It is difficult to reconcile gene signatures without features known to be related to chemoresistance with tumor biology. Our thresholding approach may reveal potentially important genes and pathways associated with platin resistance. It would be preferable to explore pathways related to signature genes to improve accuracy, identify potential targets for further study of chemoresistance, and expand the model parameters to take into account alternate states besides those captured in the original signature39. Signatures for resistance may be useful for developing targeted intervention to re-sensitize tumours. For example, the mismatch repair (MMR) gene MSH2 is commonly present in gene signatures at high resistance levels for oxaliplatin, which is of interest, as MMR deficiency has been shown to be predictive for oxaliplatin resistance35. Indeed, MLH1, MSH2 and MSH6-deficient cells are more susceptible to oxaliplatin, despite MMR-deficiency being associated with cisplatin resistance34. The autoimmune disease-associated gene SIAE, which has been previously shown to have a strong negative correlation to oxaliplatin response in advanced CRC patients40, was selected in the majority of thresholded oxaliplatin models (Supplementary Table S2C). The gene BCL2, which was commonly selected for cisplatin (Figure 3A), was rarely selected for oxaliplatin (Figure 3C). At the highest levels of resistance to cisplatin, models were enriched for genes belonging to DNA repair, anti-oxidative response, apoptotic pathways and drug transporters (Figure 3A). These gene pathways are known to be involved in cisplatin resistance41,42 and these specific genes may be explored in subsequent work to identify the contribution to chemotherapy response in a biochemical context.
Log-loss evaluates the accuracy of a classifier by penalizing erroneous classifications, and is relevant in cases where data is imbalanced and/or have an unequally distributed error cost. We assessed whether ML models based on log-loss minimization could improve model accuracy in patient data (Supplementary Table S4) and compared these to models generated by minimizing cell line misclassification. When models generated by both methods were highly similar (generated at the same GI50 threshold, consist of a similar number of genes and consist of ≥ 80% shared genes), prediction accuracy of TCGA cancer patient outcomes were nearly indistinguishable, as accuracy can vary over different relapse thresholds. Where significant differences in predictions were seen, the misclassification-based models were more accurate overall (Cis1, Cis17 and the “12-Resistant” carboplatin model were +8.3%, +5.6% and +3.9% more accurate compared to the log-loss model, respectively). Oxaliplatin models were dissimilar across all GI50 thresholds, as the log-loss minimized ML models often contain increased numbers of genes compared to the misclassification-based models. Many of these larger models were less accurate in patients compared to models which minimized misclassification rates consistent that this evaluation and model selection method is more prone to overfitting. This pattern was also noted for models generated at extreme GI50 thresholds for all three platin drugs in which response was, by definition, somewhat imbalanced.

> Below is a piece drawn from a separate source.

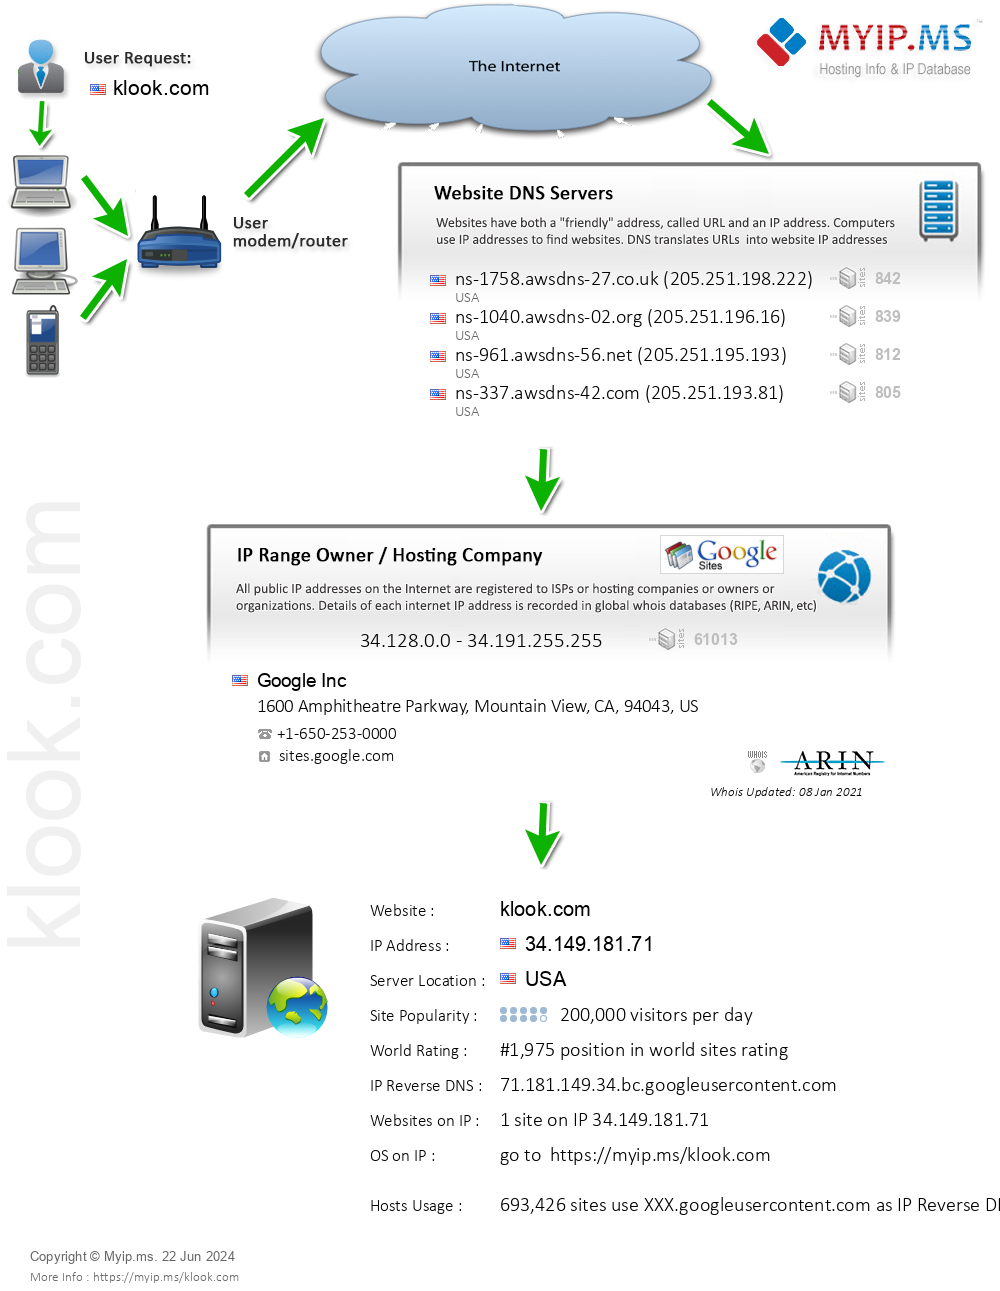 Klook.com - Website Hosting Visual IP Diagram

It may be feasible to predict responses to combination chemotherapy with the models described here. Not included in the present analysis were signatures for methotrexate, vinblastine, and doxorubicin, which comprise the MVAC cocktail used to treat bladder cancer. This was due primarily to a lack of patients treated with this drug combination in the TCGA bladder dataset (N=11). Individual signatures for several of these drugs have been derived and analyzed using the patient data from METABRIC (Molecular Taxonomy of Breast Cancer International Consortium)24. A reasonable approach to predicting combination chemotherapy would first determine the probability of sensitivity or resistance to individual drugs, accounting for the misclassification rate by each (defined as d1, …, dk). The ML classifiers output these probabilities, analogous to their misclassification rates in a set of patients treated identically. If the model predicts that the patient is sensitive to drug d1 with 90% probability, and sensitive to drug d2 with 5% probability, the probability of sensitivity to the combination is 1 - (1 - 0.9)*(1 - 0.05) = 90.5%, and the probability of resistance is 9.5%. The correlated responses could be estimated for drug pairs, d1 and d2, and then adjusted for the combined probability of the pair to d12, based on the features that are shared by the signatures of both drugs. The probability of sensitivity would then be given by 1 - (1 - d12)*(1 - d3)*…*(1 - dk).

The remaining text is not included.